For example, we can use it as input to assay_by_var to
plot the assay distribution coloured by presence of a particular genetic
marker
assay_by_var(cip_bin, measure = "mic", colour_by = "parC_S80I", antibiotic = "Ciprofloxacin")
#> WARNING: Column 'drug_agent' not found in phenotype table, so can't input matrix to specified antibiotic.
#> Ensure your input table is already filtered to the antibiotic.

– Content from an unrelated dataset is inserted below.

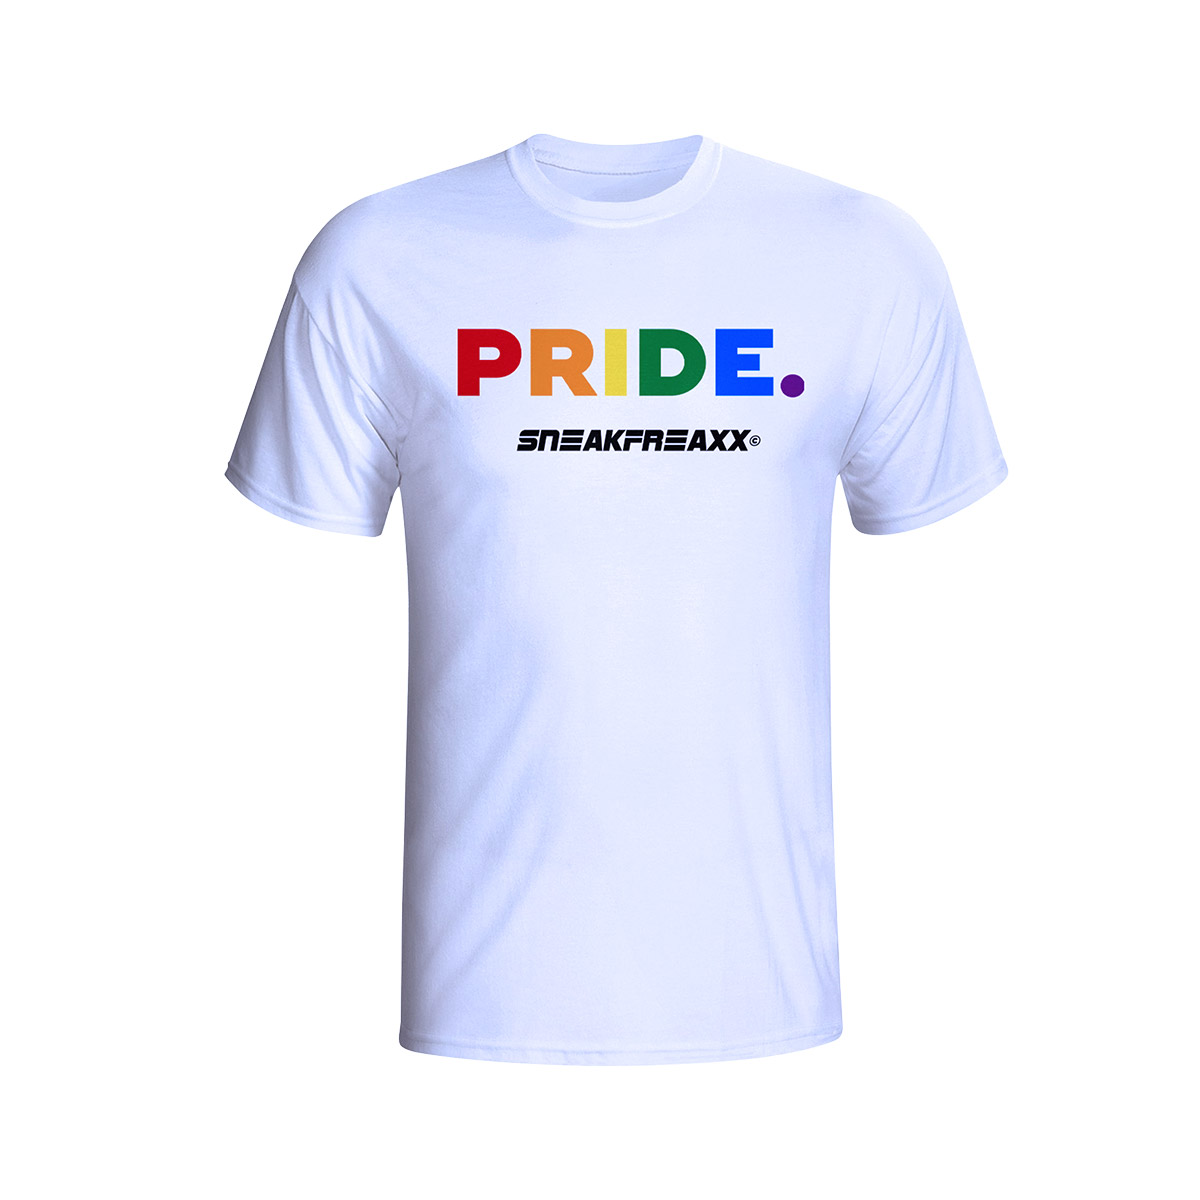 T-SHIRT - SNEAKFREAXX PRIDE I

# count the number of gyrA mutations per genome
gyrA_mut <- cip_bin %>%
dplyr::mutate(gyrA_mut = rowSums(across(contains("gyrA_") & where(is.numeric)), na.rm = T)) %>%
select(mic, gyrA_mut)
# plot the MIC distribution, coloured by count of gyrA mutations
mic_by_gyrA_count <- assay_by_var(gyrA_mut, measure = "mic", colour_by = "gyrA_mut", colour_legend_label = "No. gyrA mutations", antibiotic = "Ciprofloxacin")
#> WARNING: Column 'drug_agent' not found in phenotype table, so can't input matrix to specified antibiotic.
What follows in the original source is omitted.